The last bit of border drawn between Canada and the Lower 48 states is on the west coast in the Gulf of Georgia. That’s named for the George the Thirteen Colonies broke with, and who signed the Quebec Act, guaranteeing the religion and language of the colony Britain won from France in the Seven Years War.
The main sweep of the border in the west had been fixed by the Oregon Treaty of 1846, extending the 49th parallel from the east slope of the Rocky Mountains to the Pacific.
There was an exception to this. The Hudson Bay Company had a trading fort at the south of Vancouver Island, and it was agreed to leave the entire Island in British hands. This meant bending the boundary south of 49 to pass midway through Juan de Fuca Strait.
Ownership of the smaller islands in the Gulf between Vancouver Island and the mainland was not decided. It was here the border zigzagged southwest from the 49th to end in Juan de Fuca Strait. Some islands would go to Washington, others to British Columbia.

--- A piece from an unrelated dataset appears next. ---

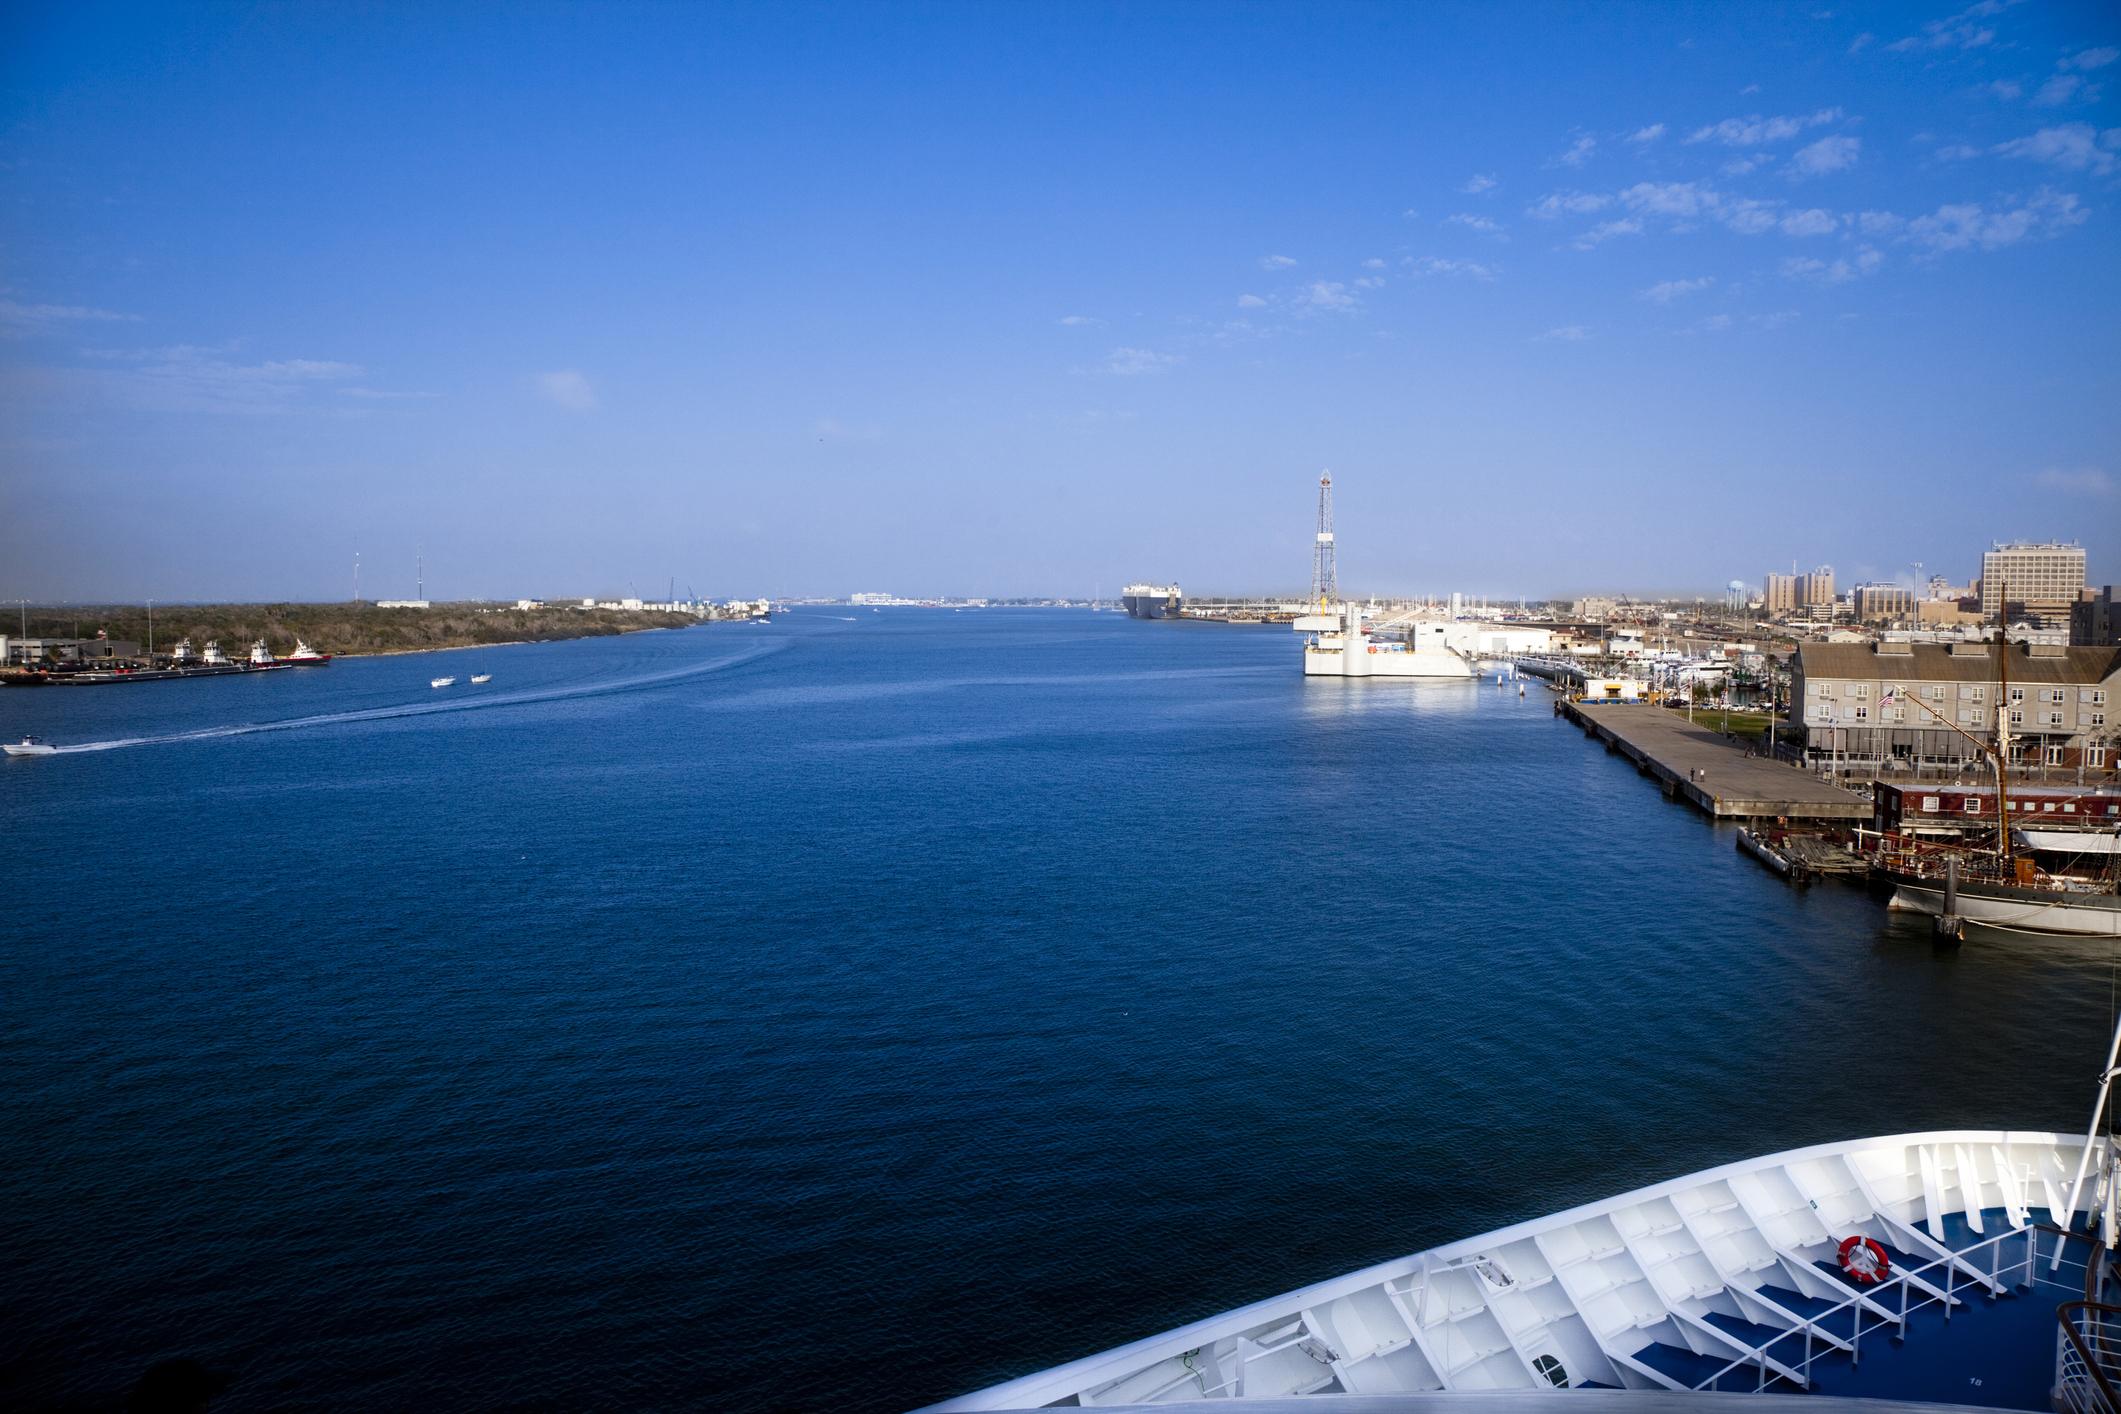 All Inclusive Cruises >> All Inclusive Cruises Out Of Galveston Lovetoknow

Which would go where was not clear. Especially contentious was Belleville Island, so called by the British who had a Hudson’s Bay Company post there too. Twenty-nine American settlers who lived on the island called it “San Juan.”
A pig belonging to an Englishman was shot while rooting in an American potato patch. The owner refused $10 compensation, and tried to have the American settler arrested. The Battle of Giffin’s Pig loomed, and threatened to pit the US against the UK.
In July 1859 400 American militiamen faced off against five British warships. The fleet was called out by BC Governor James Douglas, but the British Rear Admiral in charge was reluctant to fight for such low stakes. Then the US Civil War broke out.
In 1872 the border issue was arbitrated by Germany’s Kaiser Wilhelm I. He accepted the recommendation of three judges, and drew the boundary between today’s San Juan Islands (American) and the Gulf Islands (Canadian).
Belleville Island was awarded to the US and since has been known as San Juan, the second largest in the San Juan cluster. Washington State Ferries summer service from Anacortes WA to Sidney, BC, calls here.
The Canadian Gulf Islands north of the border are crisscrossed several times daily by British Columbia Ferries service between Vancouver and Victoria.
Captain George Pickett who led the US militiamen was the later Confederate General who lost the Battle of Gettysburg, which turned the tide in the Civil War.
Kaiser Wilhelm was grandfather of the Emperor of the same name in the First World War. The parties he made peace between were allied against his country in 1917-18.